Ok, so the new Rule 3 is in effect saying that if the child of the repeated middle group is repeated, then because 1-level and LIST/MAP annotated schemas cannot mix, the middle group cannot be the type so the child is the type. The side consequence of this is that the middle group has to have a LIST or MAP annotation to allow the 3rd level to be repeated.

So is it true then that the repeated keyword may only be used for the child of a LIST or MAP annotated field when those annotations are in use? And if that's true, then a 2-level structure cannot be repeated as stated above?
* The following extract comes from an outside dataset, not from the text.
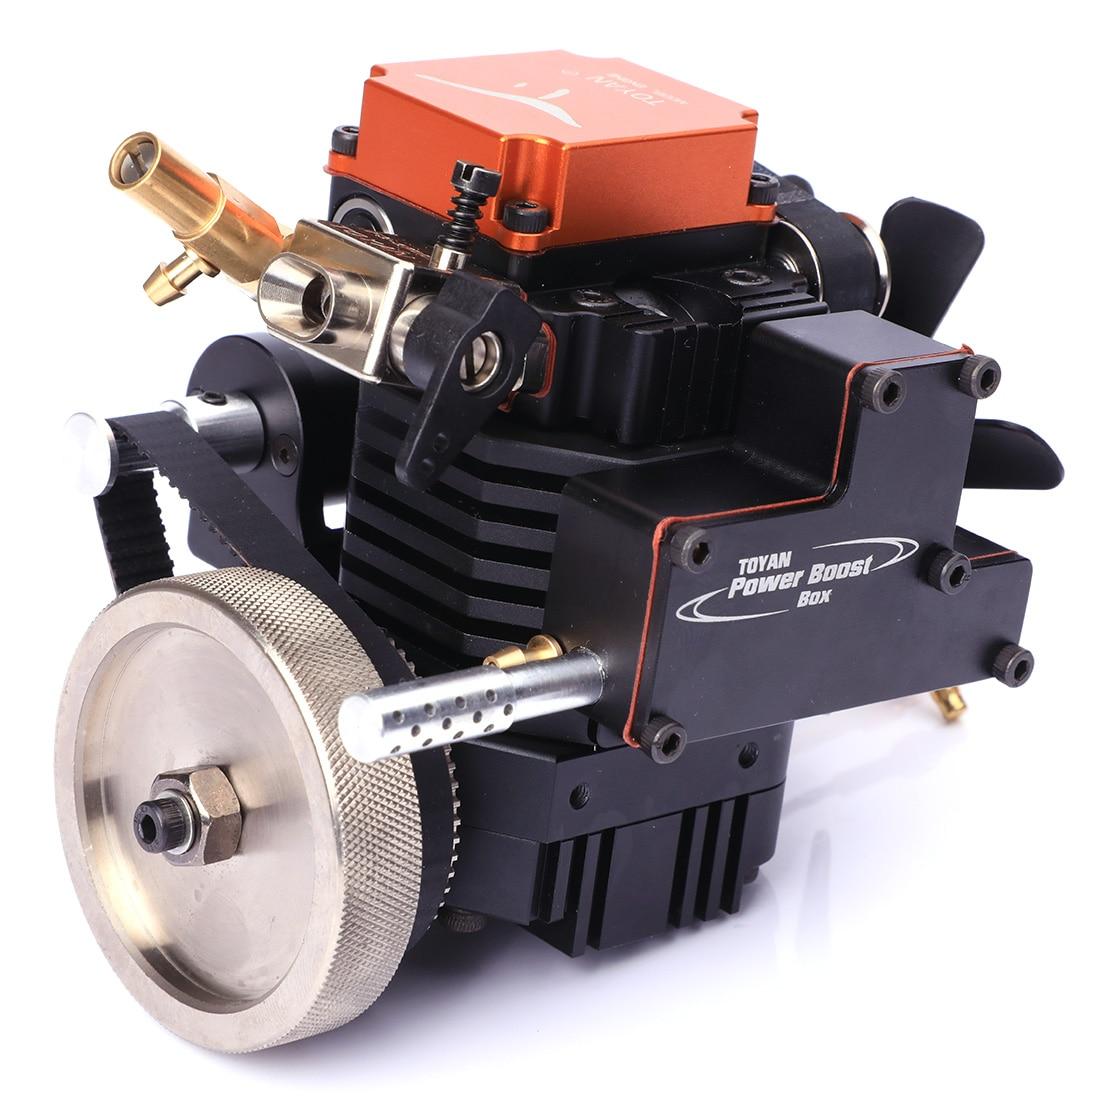 Motor de modelo de metanol de cuatro tiempos Toyan con Motor de arranque para 1:10 1:12 1:14 RC coche barco avión FS S100G-in Kits de construcción de maquetas from Juguetes y pasatiempos    3
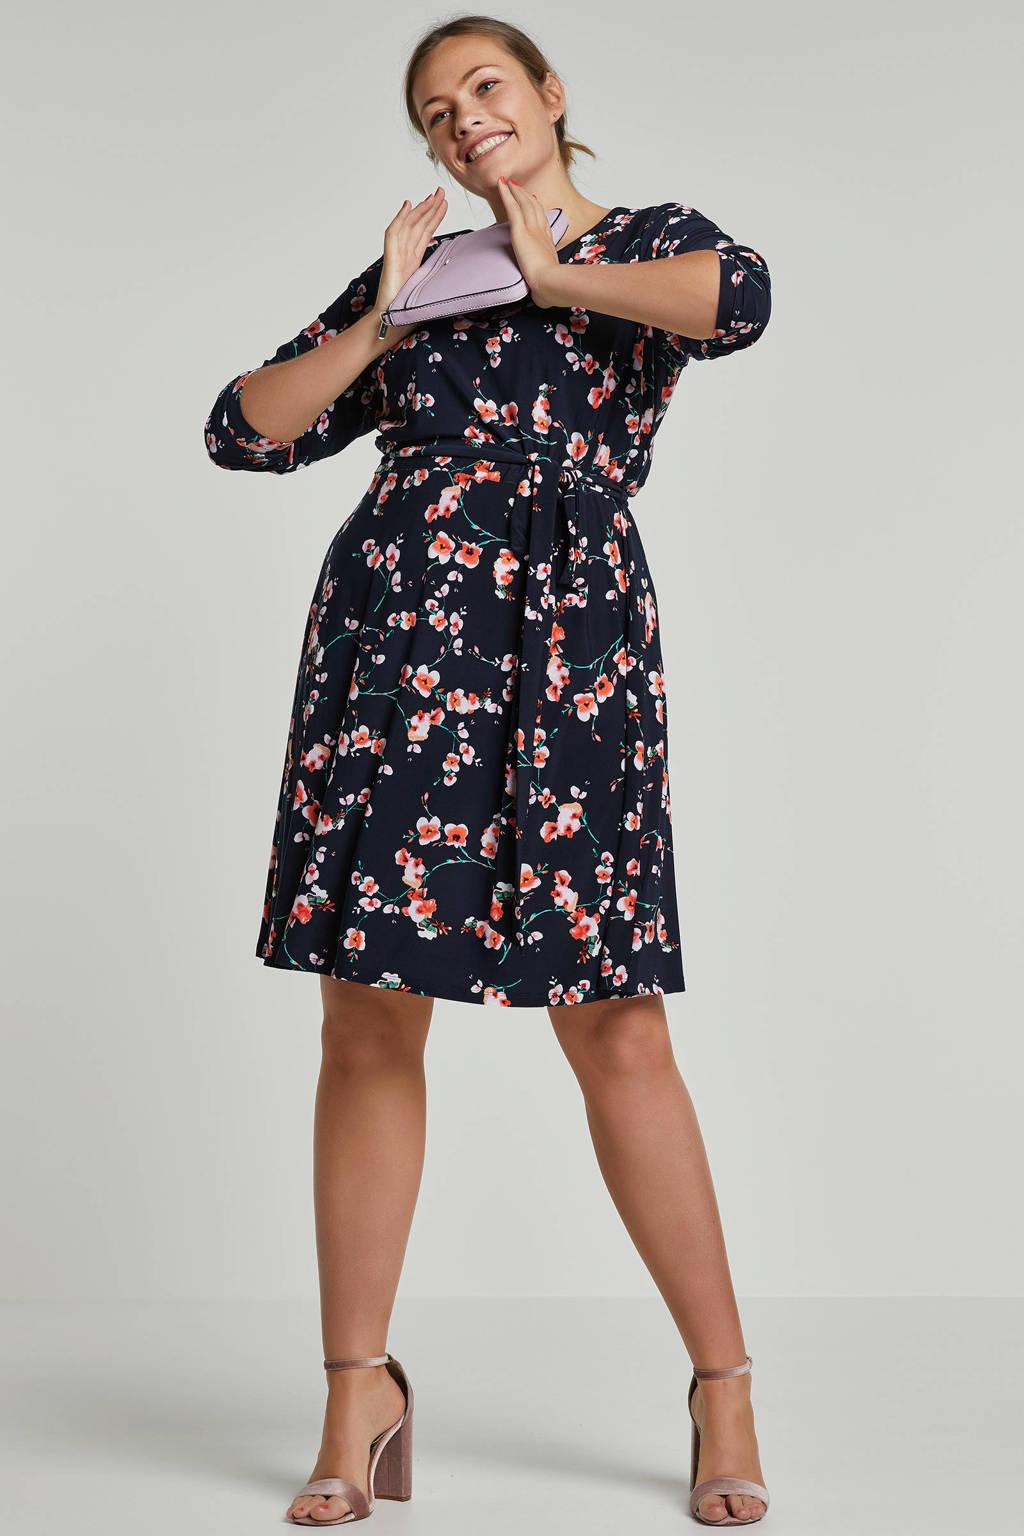 Lauren Woman gebloemde jurk, donkerblauw/roze/groen

In contrast to 3-level structure, the repetition of 2-level structure can be `optional`, `required`, or `repeated`.
wgtmac commented 6 hours ago

Ok, so the new Rule 3 is in effect saying that if the child of the repeated middle group is repeated, then because 1-level and LIST/MAP annotated schemas cannot mix, the middle group cannot be the type so the child is the type. The side consequence of this is that the middle group has to have a LIST or MAP annotation to allow the 3rd level to be repeated

No, the middle level can never be a LIST-annotated or MAP-annotated 3-level structure, because they cannot be repeated. As you have said, the middle level cannot be an unannotated group with a single repeated field due to mixing LIST-annotation and repeated field without annotation. So the only valid case for rule 3 is that the middle level is a LIST-annotated 2-level structure.

So is it true then that the repeated keyword may only be used for the child of a LIST or MAP annotated field when those annotations are in use? And if that's true, then a 2-level structure cannot be repeated as stated above?

You're right. A LIST-annotated 2-level structure can only be repeated when it is a direct child of another LIST-annotated 2-level structure. I had missed the statement that disallows annotated and unannotated types to be mixed and modified these rules back and forth. Now this is pretty clear. Let me reflect these discussions in the PR.